Sample output of a pyspeedinsights Excel report

This is my first Python package release. All constructive feedback is welcome.

You can find it on GitHub and PyPI.

What is pyspeedinsights? Link to this heading

In short, pyspeedinsights is a command line tool that parses your sitemap, runs a Lighthouse analysis via the PageSpeed Insights API for every page, and writes the scores/values for each audit in a color-coded manner to an Excel sheet.

You can also run reports on single pages which output to raw JSON or Excel.

All the standard lighthouse categories (performance, a11y, SEO, etc.) and strategies (desktop, mobile) can be specified via command line arguments.

You can even control which individual metrics are written to Excel on top of the default audits.
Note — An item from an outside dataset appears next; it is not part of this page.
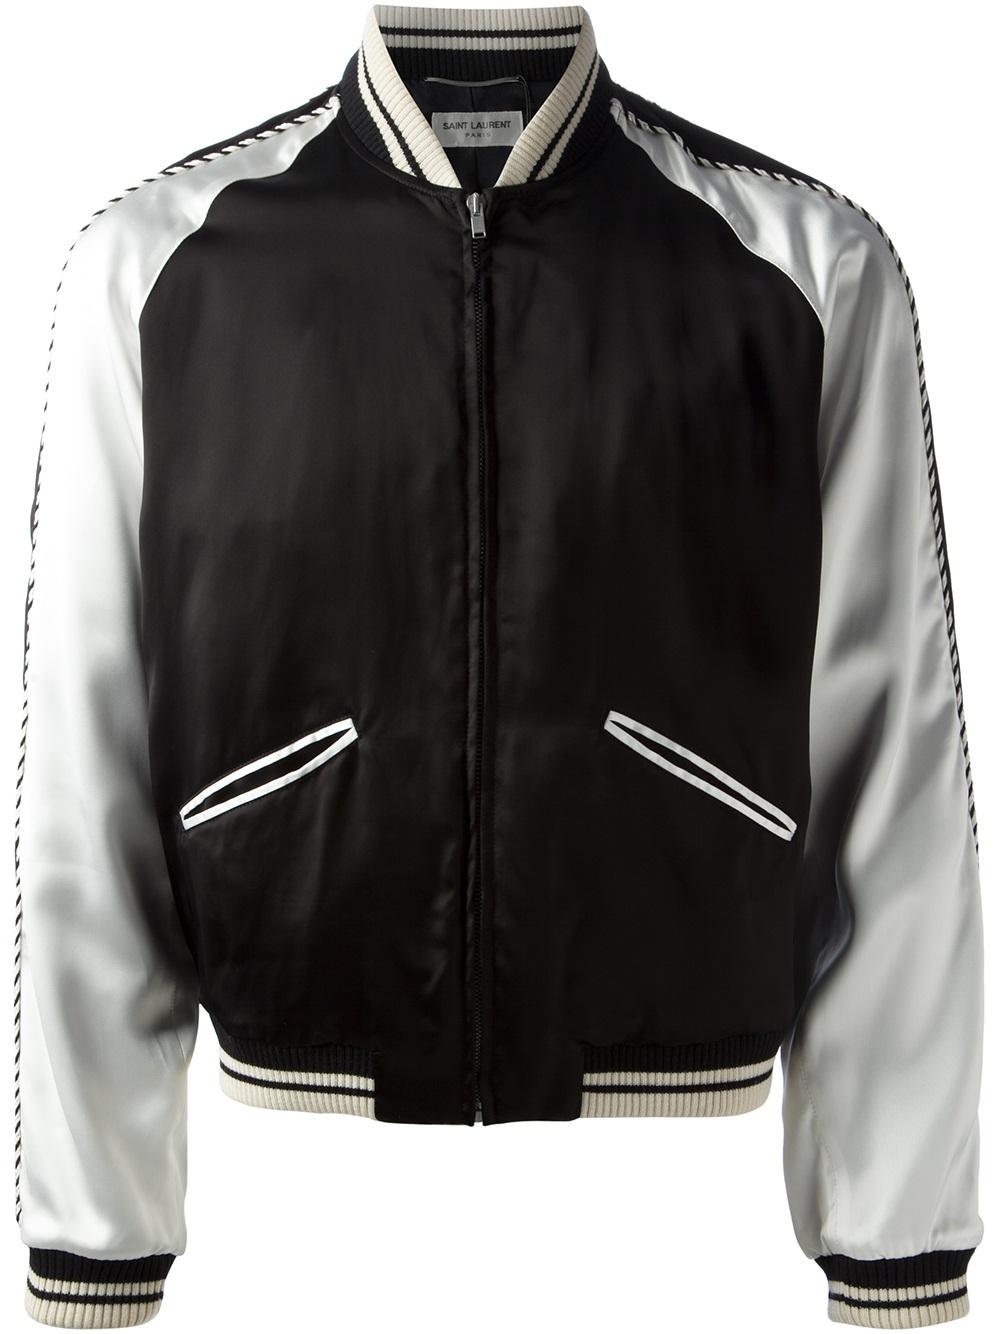 Saint laurent Monochrome Bomber Jacket in Black for Men | Lyst

Who’s it for? Link to this heading

This is more of an end-user command line tool. Although if anyone’s interested, I would be willing to improve the developer API to make it more extensible. There are also barely any tests written yet (I know, I’ll get on that).
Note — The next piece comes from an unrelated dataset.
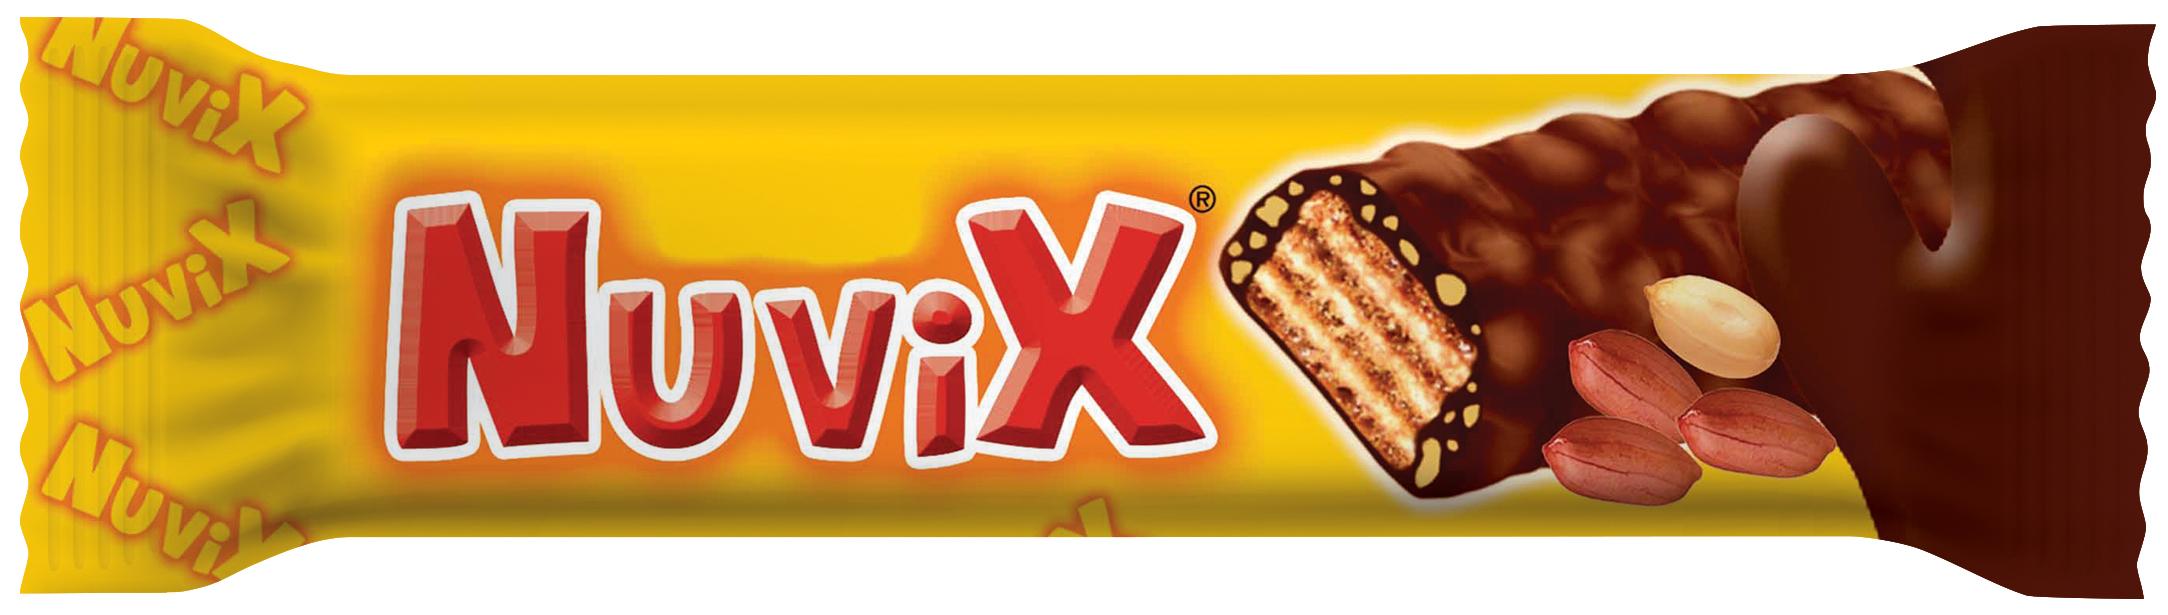 Nuvix

If you’re looking for a 10k-foot view of your website performance, feel free to give it a spin.

I got the idea for this from a Reddit user who posted his JavaScript version in r/bigseo. Huge credit to u/arduinobits for the great idea.
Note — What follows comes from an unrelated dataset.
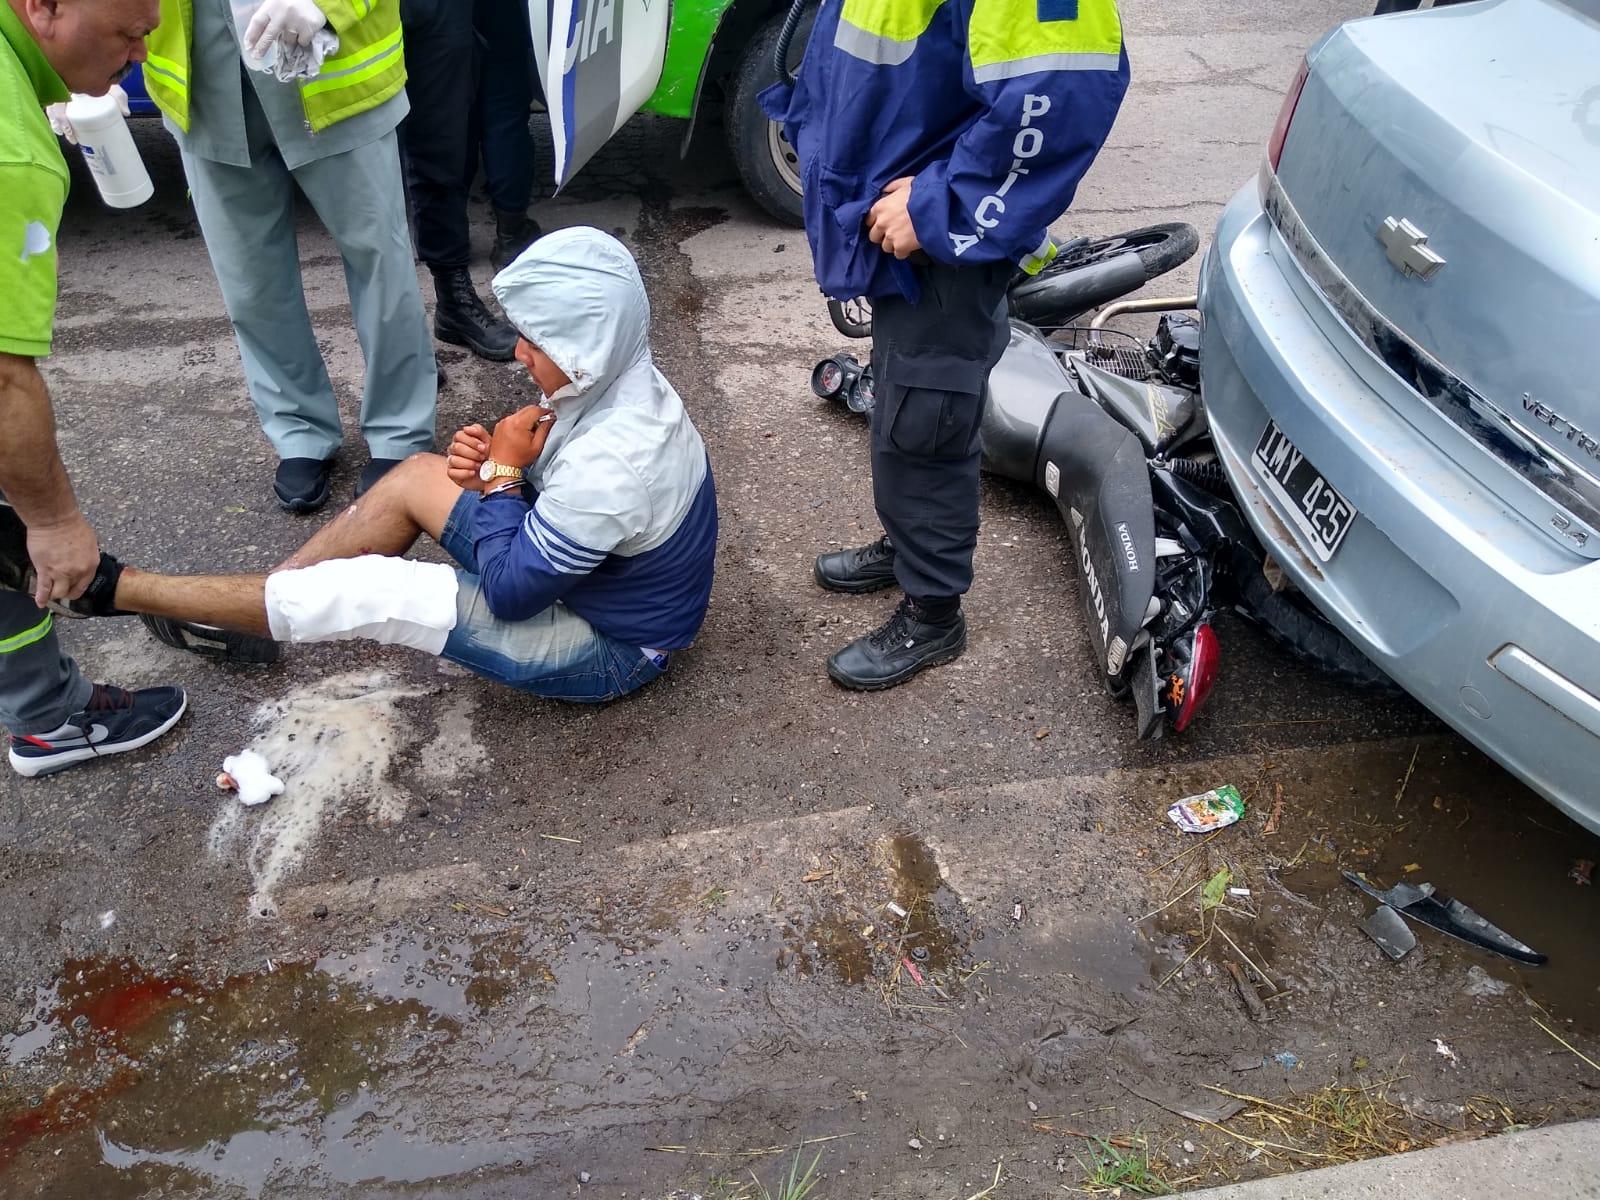 Un patrullero chocó a tres delincuentes que iban en moto y uno murió

I knew that the Python community would appreciate having a similar tool, so I got to work!

Challenges Link to this heading

It’s been a long time since I wrote something in Python that wasn’t a Django project. I had to completely teach myself Python packaging from scratch.

This included things like:

  • How to write a setup.cfg file with a console_scripts entry point
  • What to include in pyproject.toml
  • Where to keep tests and how to run them (I kept them separate from the package in a tests dir at the root of the project)
  • How to structure the project in general (I went with the src directory layout)
  • Adding auto re-formatting, import sorting, and linting with black, isort, flake8, and pre-commit hooks. This wasn’t necessary obviously, but a great learning experience nonetheless.

The biggest challenge by far was writing the API module using requests, then realizing that the latency on the server-side was too high (10s-1m per request) for synchronous requests to be remotely useful for bulk analysis. Rookie mistake!

What did I do to fix this?

Packages Used Link to this heading

I knew it would work so much better if I made the requests async so I decided to learn the basics of asyncio and aiohttp.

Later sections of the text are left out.